What is immediately obvious is that based on estimates by Bank of America, the 50% of US population which makes up the middle class, is responsible for the same amount of total consumption as the 10% of the upper class. Another observation is that the balance, 40% of population considered Low-Income consumers, is responsible only for 12% of total consumption.
This indicates that spending by the upper class has a disproportionate impact on total consumption and thus GDP. These are the people we need to keep spending if consumption as a percentage of GPD is not going to fall precipitously. This is because these people have significantly more disposable income than everyone else.

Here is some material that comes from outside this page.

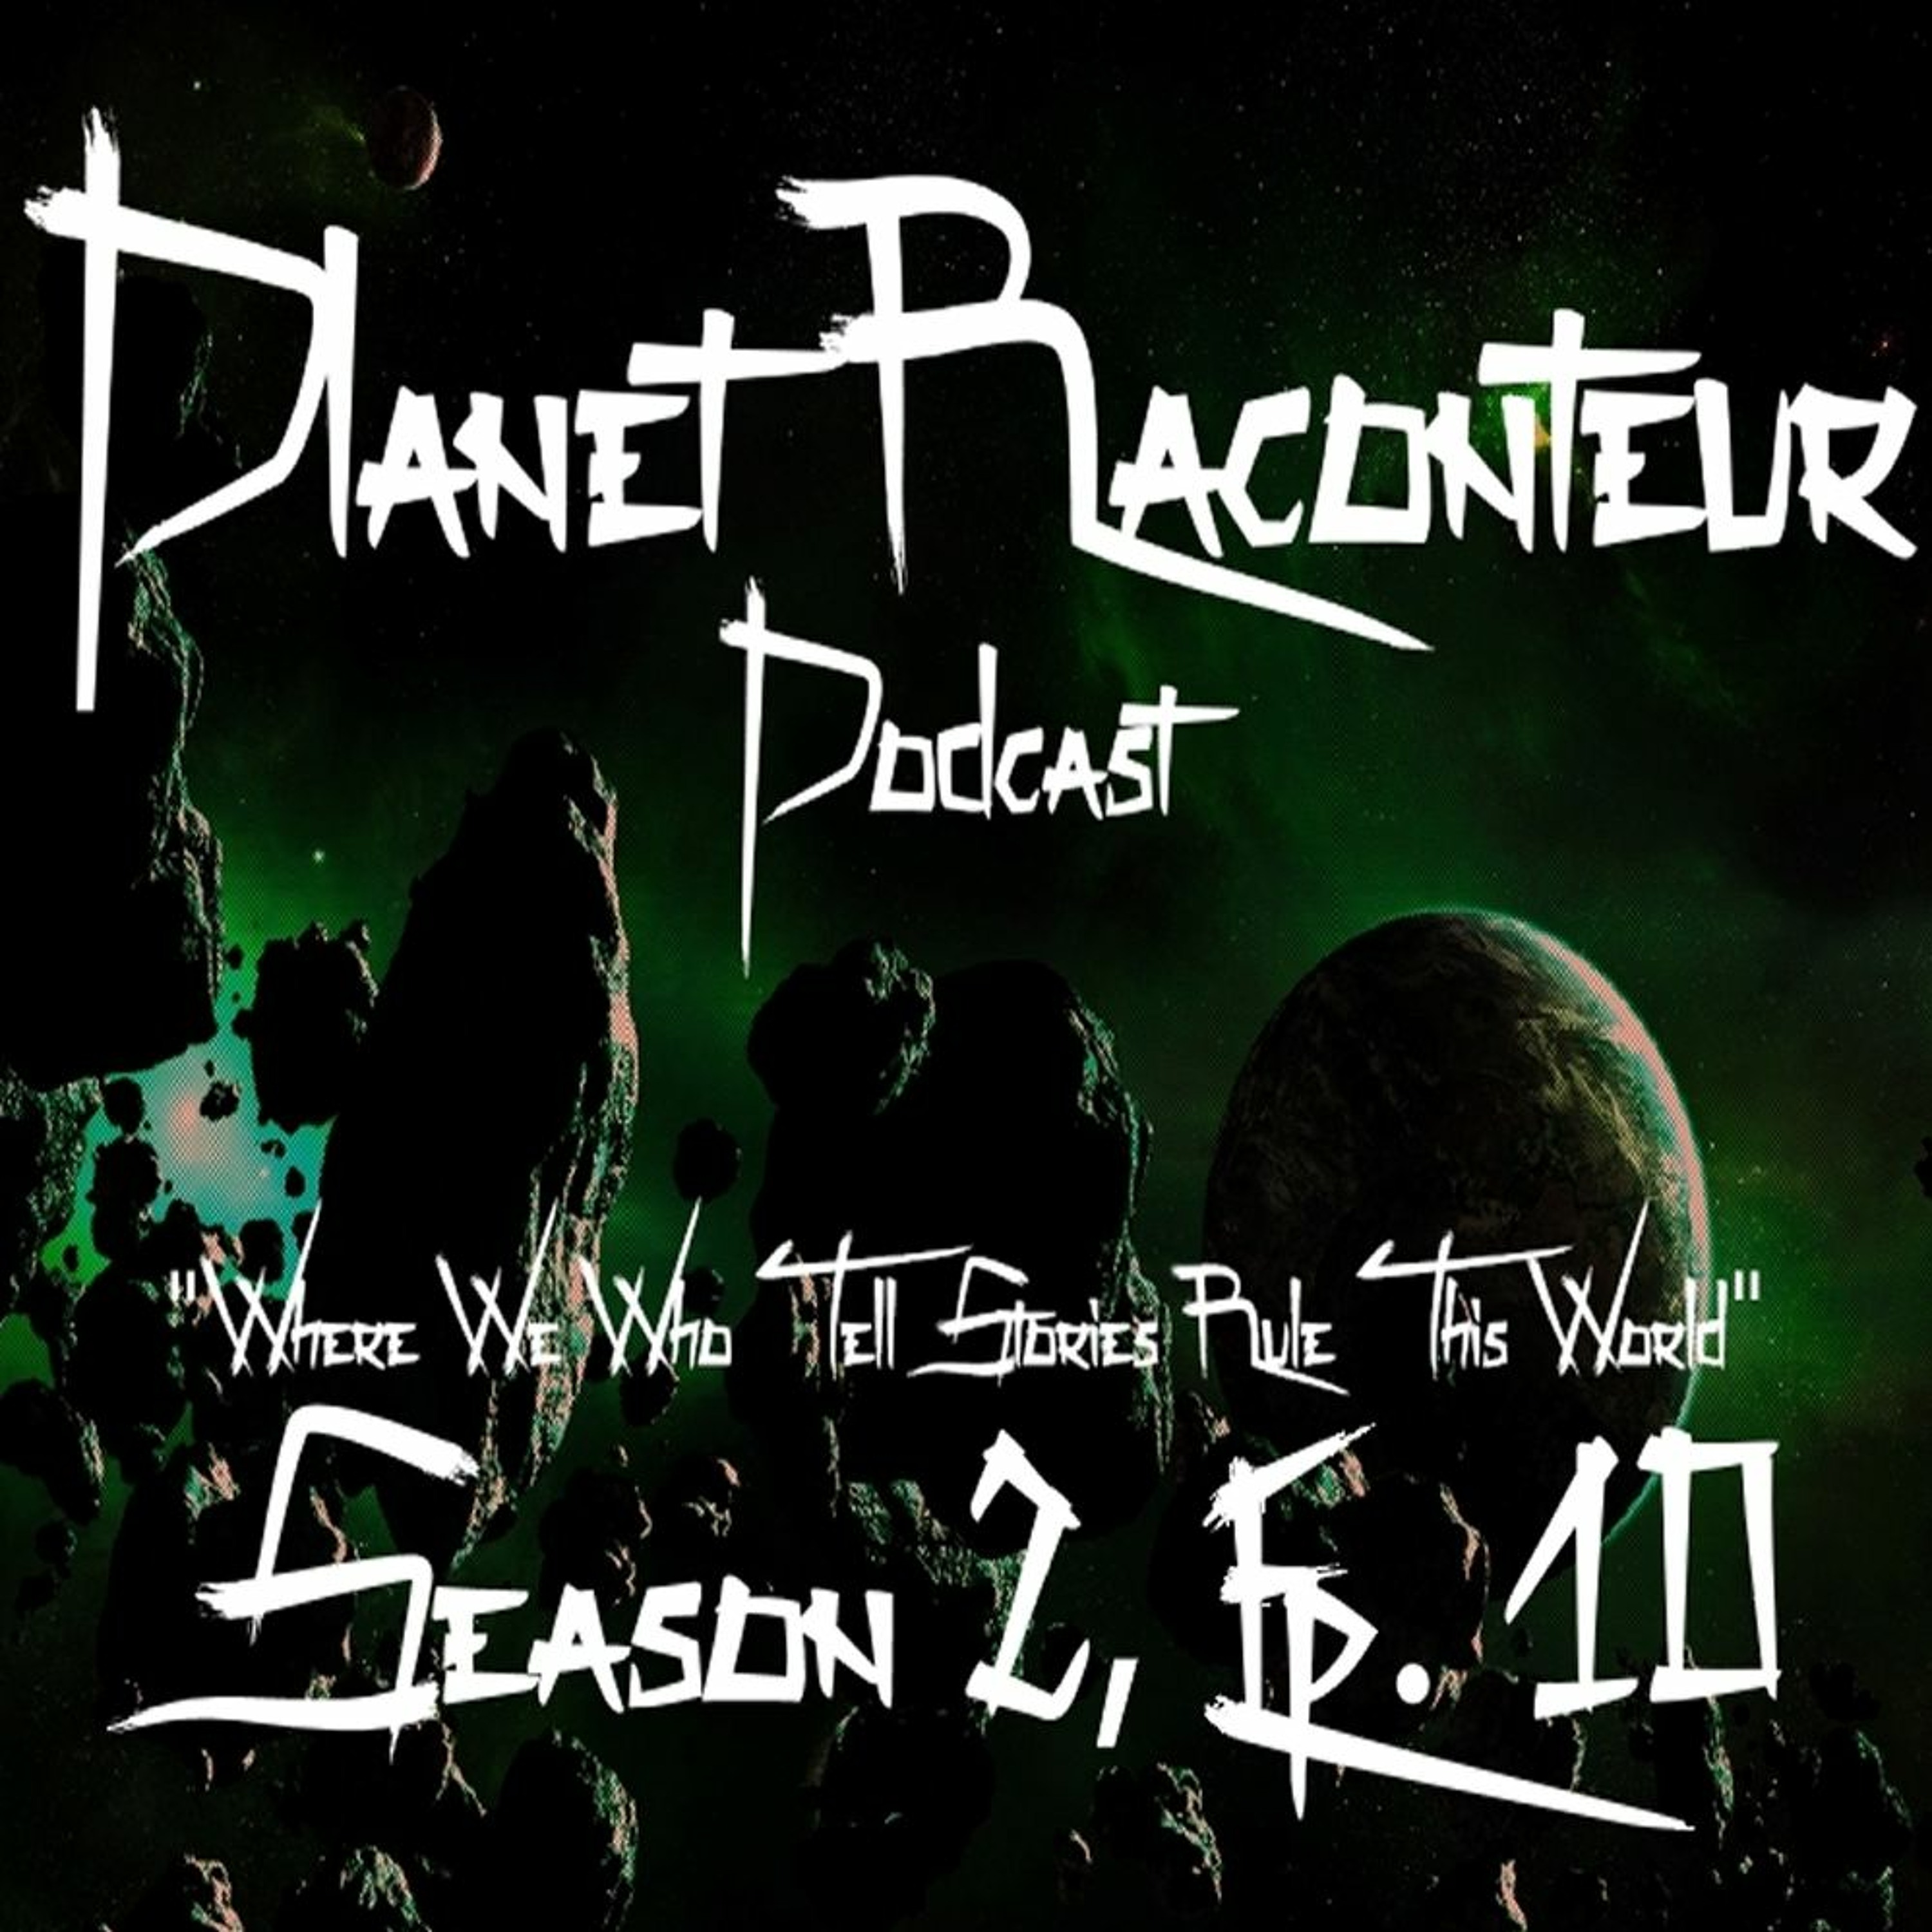 Planet Raconteur podcast - Season 2 episode 10

The disposable income difference between the richest 10% and even the next richest decile is staggering: a 3x order of magnitude. And a fact that Taleb fans would likely appreciate most, the pretax income difference between the median and mean for the top decile is shocking: $206,900 versus $397,700. This is skewed by a statistically low number of outliers earning an abnormally large amount of disposable income. (Check out the relevant chart here)
Ahh the Bill Gates effect as articulated by Taleb. Just as when Bill Gates walks into a room the average net worth of the people in the room skyrockets while the median does not change by much, the mean disposable income of the top decile is massively skewed by a few people who make an inordinate amount of money.
What is the takeaway? According to Durden if Obama is intent on taxing the rich to pay for all of the new spending and debt then that could have an outsized negative effect on spending and consumption because these people make up a disproportionate share. Not only could that dampen GDP growth but it could also prolong the excess supply hangover that is currently impacting businesses all over the country.